100 "(thickness 6 mm, 300 x 300 mm, manufactured by Tsutsunaka Plastic Industry Co., Ltd.) (Polycarbonate-based resin plate B)" Polycarbonate EC1 "
00 "(thickness 0.5 mm, 300 mm x 300 mm, manufactured by Tsutsunaka Plastic Industry Co., Ltd.).

Example 1 A polycarbonate resin plate B is placed on one surface of the acrylic resin plate A (first base plate) facing each other with a space therebetween, and an acrylic resin film is placed therebetween. Insert B (“Sanjuren 002AN”) into the press molding machine with a heating plate temperature of 150 ° C. and a preheating time of 2
Minute, press pressure of 50 kgf / cm ² for 1 minute, and then press in a cooling press at a press pressure of 50 kgf / cm ² for 4 minutes to form a polycarbonate resin plate on one side of the acrylic resin plate A (first base plate). B (first surface layer) was bonded via acrylic resin B (second surface layer).
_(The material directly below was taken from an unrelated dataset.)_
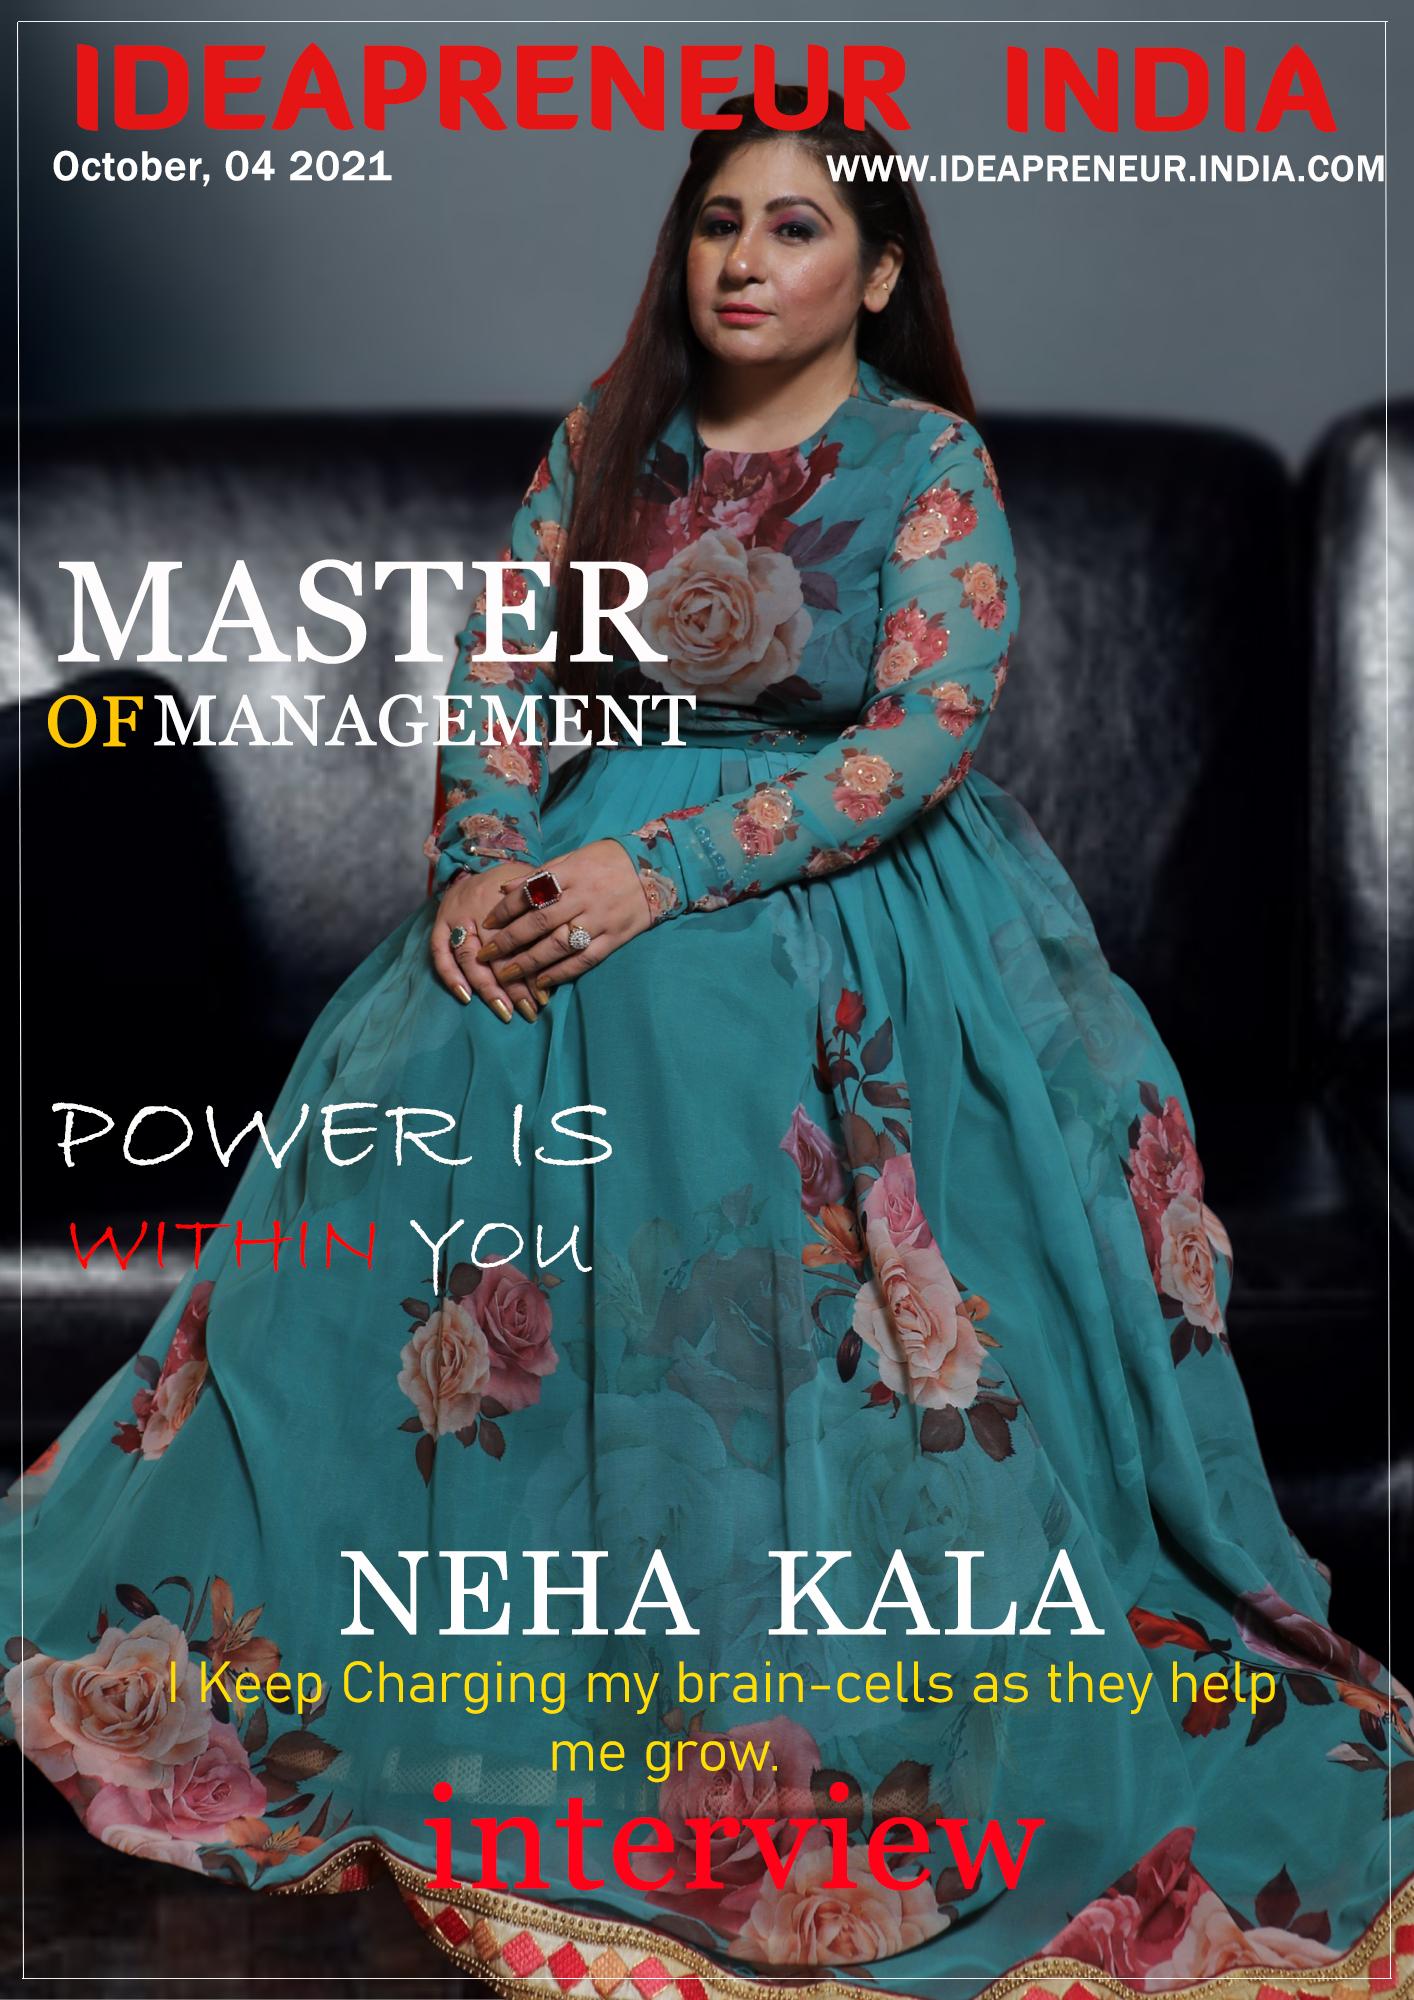 Neha Kala
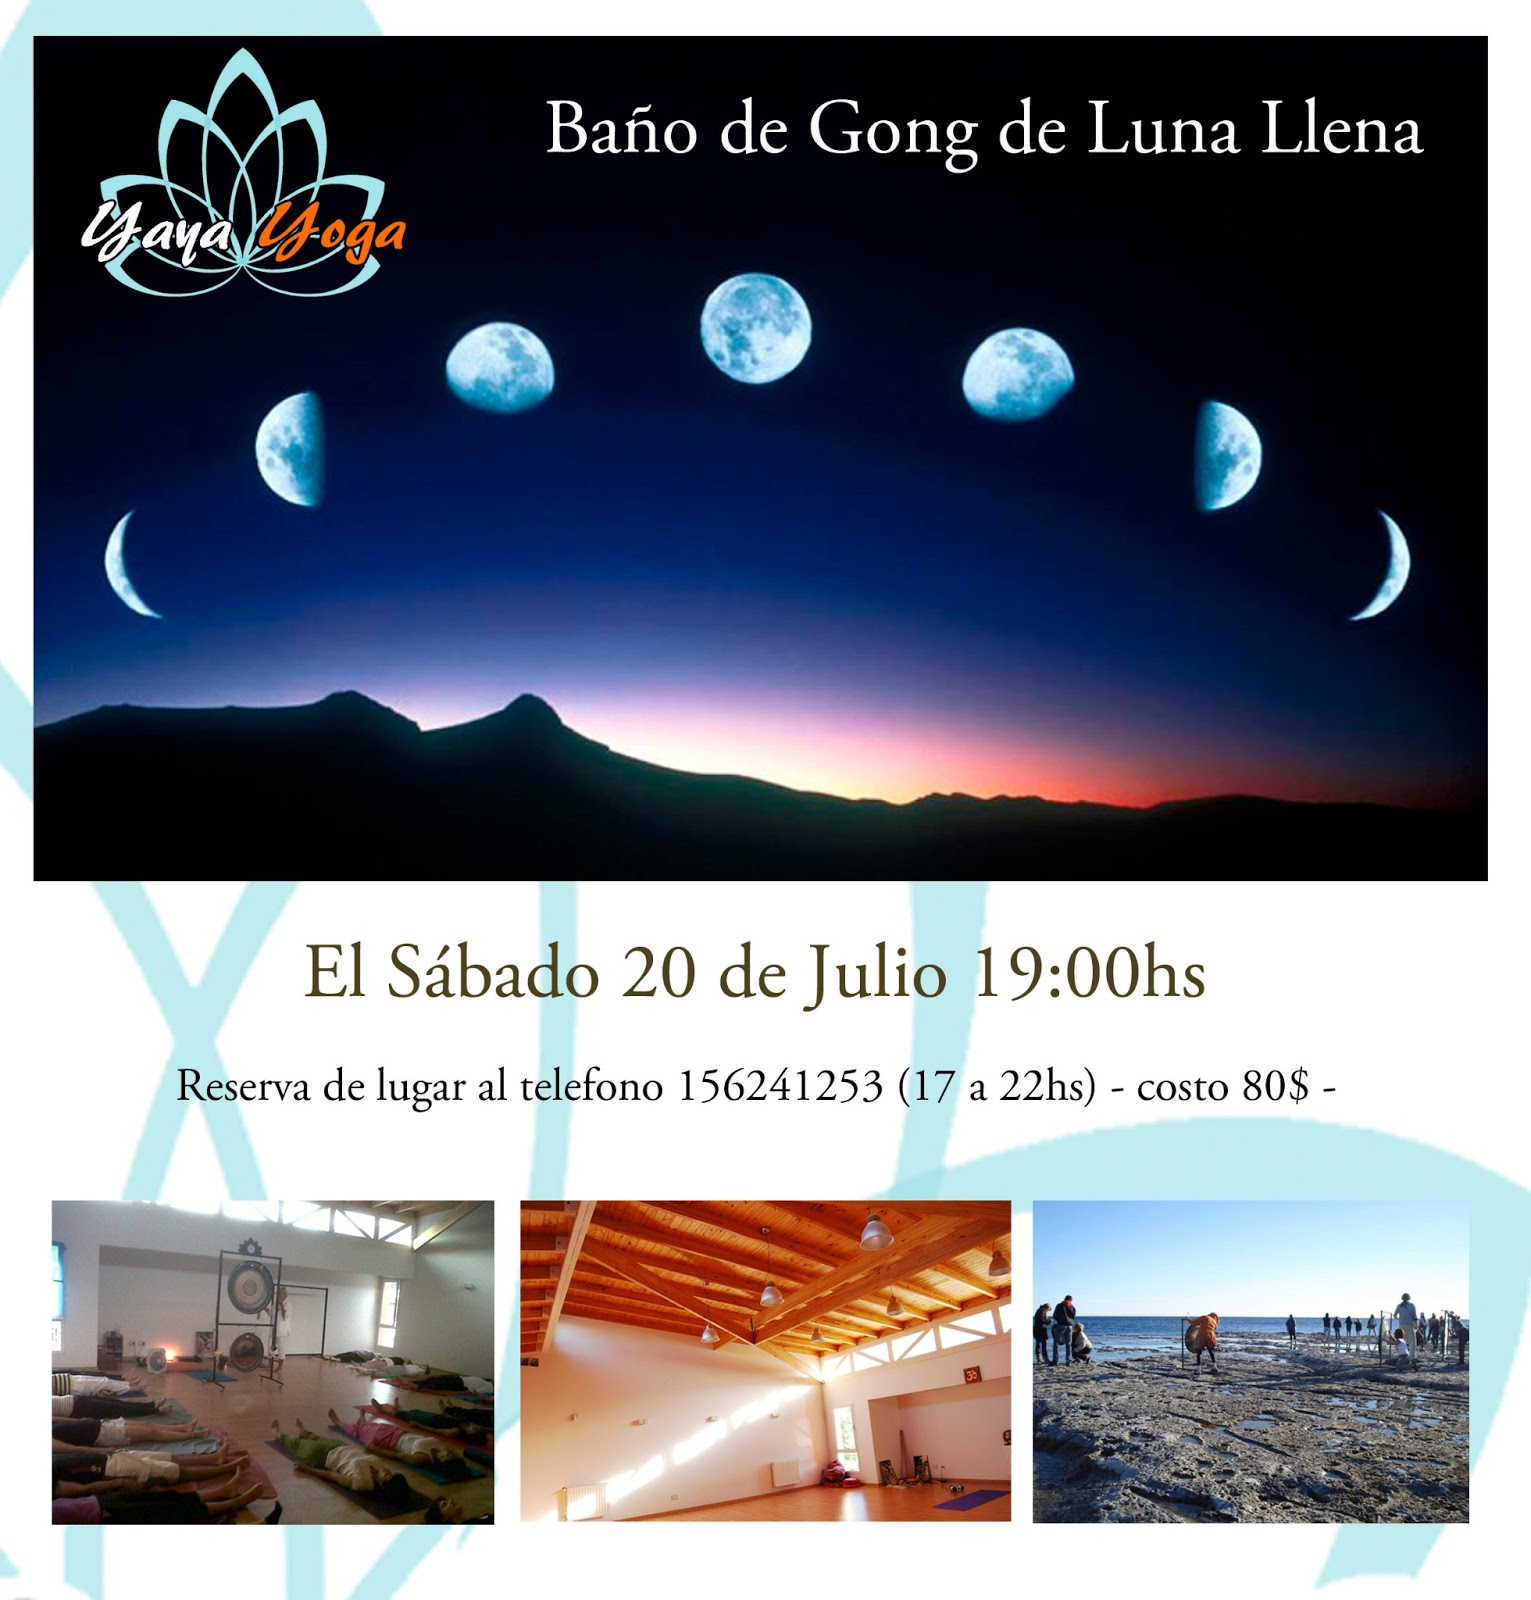 Imagenes De Baño De Luna:Centro Holístico Yaya Yoga: Baño de Gong de Luna Llena Julio!

Next, the polycarbonate resin plate A was placed on the other surface of the acrylic resin plate A (first base plate) facing each other with a space of 2 mm. The space between the acrylic resin plate A and the polycarbonate resin plate A is 2
It was opened by sandwiching a soft vinyl chloride hose having a thickness of mm. In this interval, a mixture of 42.5 parts by weight of bisphenol F type epoxy resin and 7.5 parts by weight of bisphenol A type epoxy resin ("XNR3351", manufactured by Nagase & Co., Ltd.) and a curing agent (polyetheramine curing). Agent, polyoxypropylenediamine, "XNH3351", manufactured by Nagase & Co., Ltd.) 50 parts by weight and injected at 20 ° C to 10 ° C.
The temperature is raised to 80 ° C. over a period of time to polymerize, and a polycarbonate resin plate A (second base plate) is attached to the other surface of the acrylic resin plate A (first base plate) to form a bisphenol epoxy cured resin layer ( A laminated transparent plate joined via an elastic joining layer) was obtained. The 100% modulus of the obtained bisphenol type epoxy-based cured resin layer was 39.4 kgf.
/ Cm ² and Tg were 10 ° C (DSC method).

Example 2 A polycarbonate resin plate B is placed on one surface of an acrylic resin plate A so as to face each other with a space therebetween, and an acrylic resin film B (Sanjuren 002AN) is inserted therebetween. Then, put it in a vacuum bag,
The air in the vacuum bag was evacuated by a vacuum pump at an ambient temperature of 135 ° C. to perform temporary bonding. After that, put it in an autoclave, raise the temperature from room temperature / atmospheric pressure to 150 ° C / 9 atm over 60 minutes, pressurize and hold at 150 ° C / 9 atm for 30 minutes, and then cool down to room temperature / atmosphere over 50 minutes.・ Step down
On one side of the acrylic resin plate A (first base plate), attach the polycarbonate resin plate B (first surface layer) to the acrylic resin B.
It joined through (2nd surface layer).

Then, in the same manner as in Example 1, the polycarbonate resin plate A (second base plate) was attached to the other surface of the acrylic resin plate A (first base plate) by a bisphenol epoxy cured resin layer (bonding). Layers) to obtain a laminated transparent plate. The 100% modulus of the obtained bisphenol type epoxy-based cured resin layer was 39.4 kgf.
/ Cm ² and Tg were 10 ° C (DSC method).

<Example 3> A laminated transparent plate is obtained in the same manner as in Example 1 except that the acrylic resin plate C is used instead of the acrylic resin plate A. This plate also has good transparency, and even if the same place is subjected to a plurality of impacts, whitening hardly occurs at the impacted place.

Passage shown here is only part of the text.